«Сон. Баку. Время будто бы остановилось,
решив окунуть меня в мир покоя и уюта…
Иногда Бог, добрый Бог, даёт людям передышку, понимая,
что они состоят не из стали и бетона,
а из материи более тонкой, можно даже сказать – невидимой…»
Я стоял возле деревянной входной двери в квартиру, выкрашенной в бордовый цвет и располосованной массивными дубовыми поперечинами, придающими ей жёсткость и основательность. Выпирающие кресты и углы из досок создавали прочный каркас и одновременно перечёркивали возможные намерения злых сил переступить порог дома.
На уровне моих глаз на двух гвоздочках была прибита тонкая медная пластинка золотистого цвета в форме семёрки. Кое-где краска налезла на цифру, несколько ревнуя её за вычурность и изысканность. Видимо, когда очередной раз красили дверь, номер квартиры не снимали, а пытались аккуратно пройтись кисточкой вокруг металлической красавицы. К сожалению, вышло не очень. Стараясь стряхнуть с себя кусочки высохшей небрежности, блестяшка осознавала, что символизирует Божественное число и ей просто неприлично быть измазанной и неопрятной.
Утончённый ум Семёрки, философский взгляд на жизнь и творческий подход мистическим образом распространялись и внутрь квартиры, с лёгким ветерком проникая через щели в косяках. Циферка с горизонтальной полосочкой, напоминающей шляпу, сплетённая с изящно вогнутой загогулиной, смотрела на меня в упор и, казалось, была готова пронзить моё тело насквозь. В этом маленьком знаке, состоящем всего из двух чёрточек, было так много укора и одновременно любви, будто две реки, соединившись, создавали энергетическую силу, способную испепелить человека и вместе с тем возвысить его и защитить.

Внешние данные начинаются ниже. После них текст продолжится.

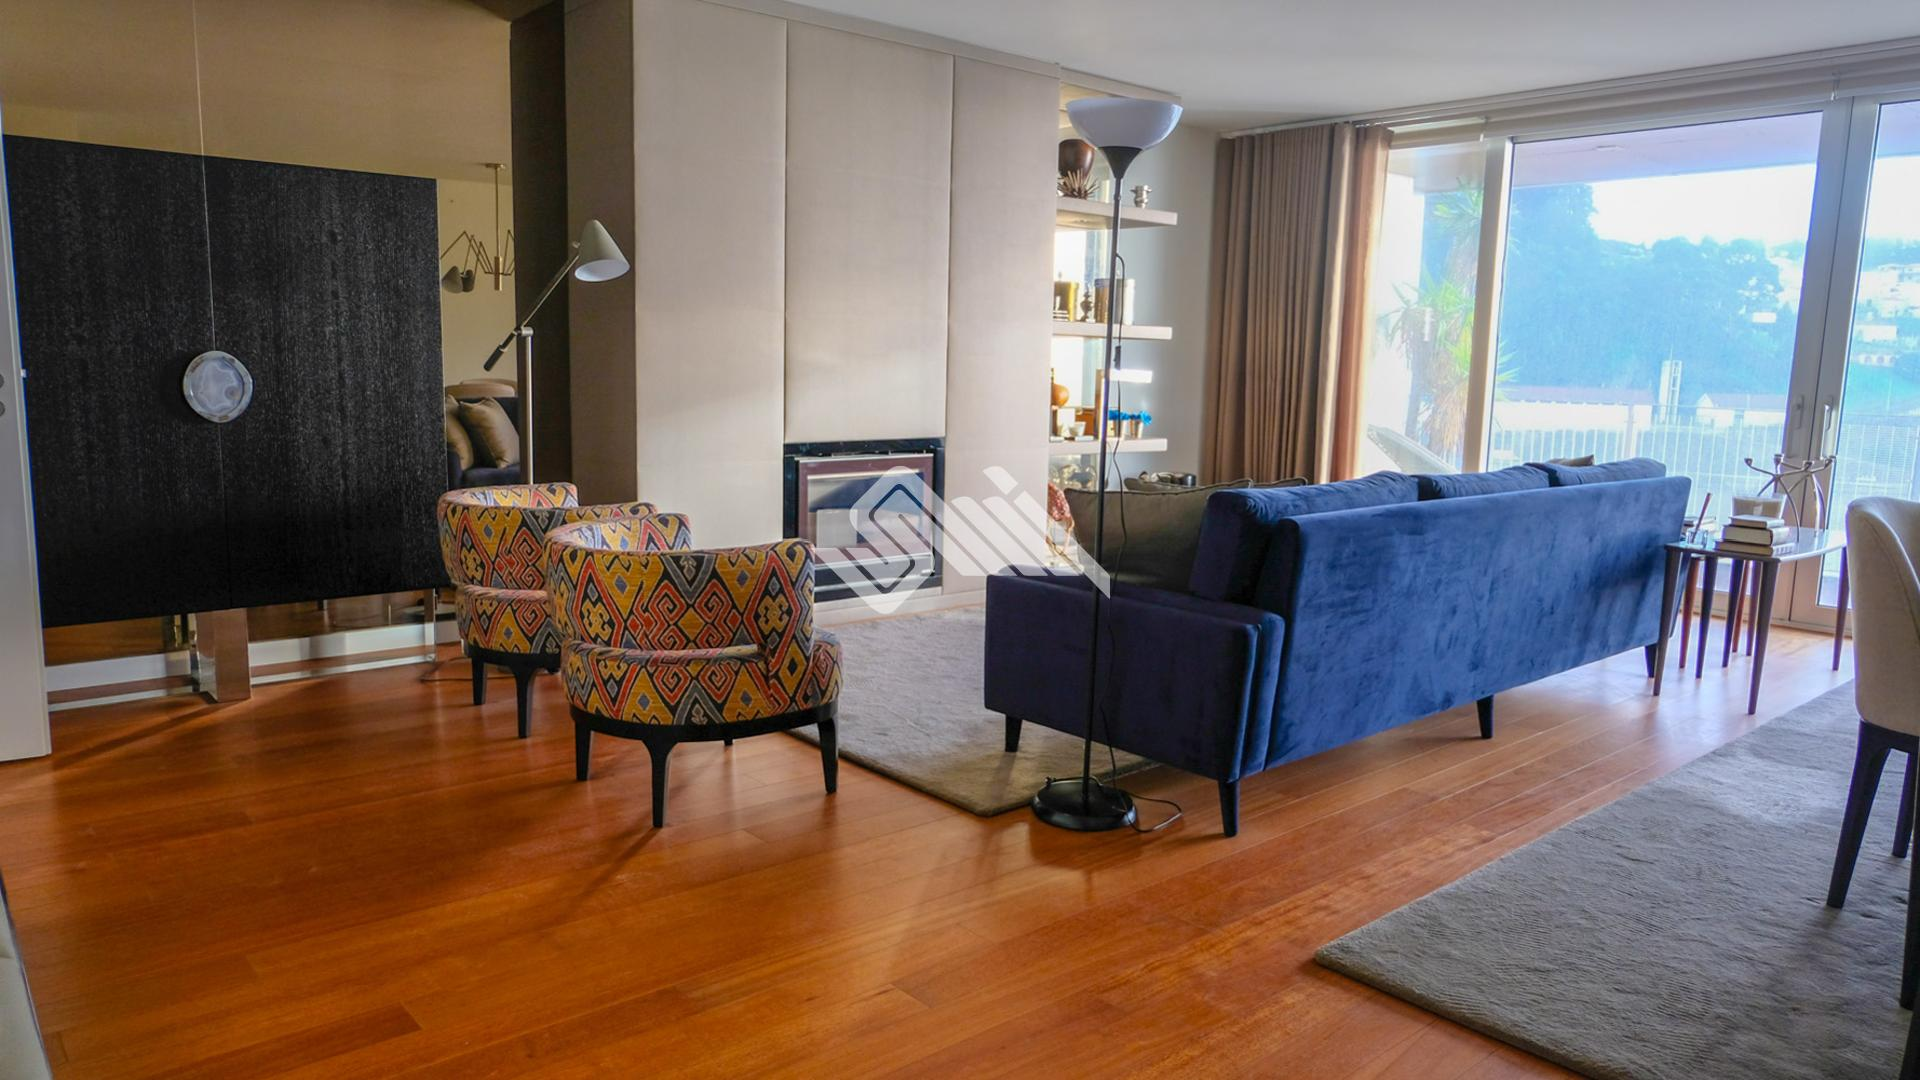 Apartamento T2 em Porto  - Porto, UDF De Lordelo Do Ouro E Massarelos

Да, я был фантомом, меня не существовало здесь и сейчас, но и седьмой квартиры уже тоже давно не было. В двухтысячных в этом помещении открыли маленький продуктовый магазин. Удобное расположение на первом этаже позволило торговцам прорубить вход на улицу и заняться продажей фруктов и овощей.
– Эй, подходи – покупай, дешевле ленкоранских арбузов и масаллинских помидоров вы не найдёте, – весело зазывал покупателей продавец Натик, ступая своими лакированными туфлями с загнутыми носками по нашей ещё не выветренной ауре. Это происходило сейчас, в наши дни, в далёком Баку.
Однако для меня и квартиры детства, пребывающих во сне, время было лишь относительным понятием. Как тот ласковый кот, мурлыча и обтираясь об ноги, ходит кругами, выпрашивая еду, так и четвёртое измерение закручивалось и закручивалось в спираль, втягивая в таинственный танец дом, в котором я провёл свои беззаботные детские годы. В квартире, украшенной тридцатилетней паутиной, где-то в дальнем углу, лежала одна из янтарных бусинок счастья, забытая во время переезда. Именно её, этот кусочек солнца, мне необходимо было найти.
Я поднял руку, чтобы постучать в дверь, но сжатая в кулак ладонь зависла в замешательстве в воздухе. Поступивший из мозга сигнал резко надавил на тормоза и произвёл отмену действия, столкнувшись со стеной страха. Страха не увидеть и не почувствовать то, что было мне близко в моих восьмидесятых. Не дай Бог ощутить мертвецкий холод, разгоняющий старые газеты «Вышка» и «Советский спорт» по комнатам, и тишину. Тишину – пугающую, которая пронзает всё тело до самых косточек. Мелькнула мысль: «Может, лучше позвонить?». Колеблясь, я оттягивал время и пытался втянуть в себя побольше воздуха неведения.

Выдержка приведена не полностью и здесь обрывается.